The officials were made to swear an oath at the sitting of the Public Accounts Committee (PAC) of Parliament in Accra and took turns to answer questions on unapproved and unjustified disbursement, unpresented payment vouchers, unauthorised use of funds, unauthorised purchases, among other financial infractions.

Before the commencement of the hearing, Dr Prempeh had told the committee that he had brought all the directors cited in the report to answer for their actions.

He, nonetheless, intermittently explained to the committee the steps his directors had taken to correct some of the anomalies detected in the report.

For instance, he told the PAC that the Auditor-General had cleared the director in the Assin North Municipal Education Office who was initially cited for making unsupported payment totalling GH¢124,960 on 49 payment vouchers.

Nkwanta South

There was a misunderstanding between the minister and the Auditor-General’s representative on the PAC when the issue of an alleged unsubstantiated payment of GH¢102,822.50 came up.

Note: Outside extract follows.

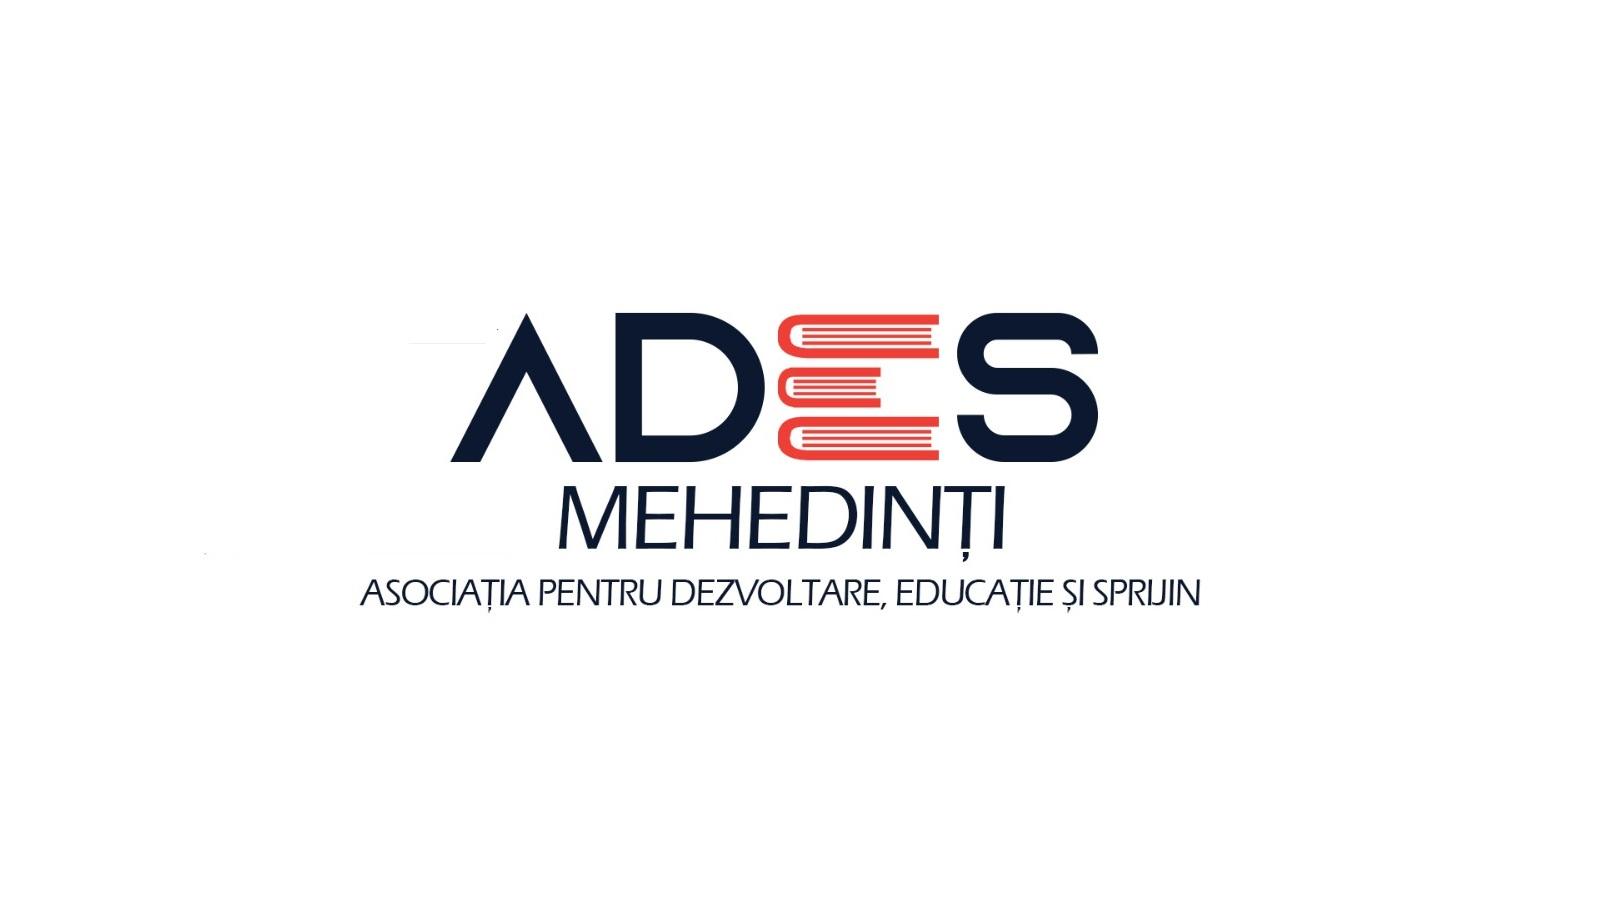 ADES - Mehedinți logo

According to the minister, the Auditor-General, in a letter dated June 21, 2017, had cleared the district office of any infractions after it had successfully answered queries arising out of that payment.

The minister said it was, therefore, wrong for the representative to claim that no such letter had been issued, without verifying from his superiors.

More than 10 directors of education took turns to answer questions before the committee.

Some of the accountants and the directors were found wanting when the minister and the committee members put them on the spot to account for their work in 2015.

Observation

It also emerged that most of the directors and the accountants balanced the books after they had been invited by the PAC to answer queries.

The dates on some of the certificates of clearance from the Auditor-General’s Department provided evidence to that effect.

Some of the certificates were dated less than a month old, with one particular certificate being dated August 9, 2017.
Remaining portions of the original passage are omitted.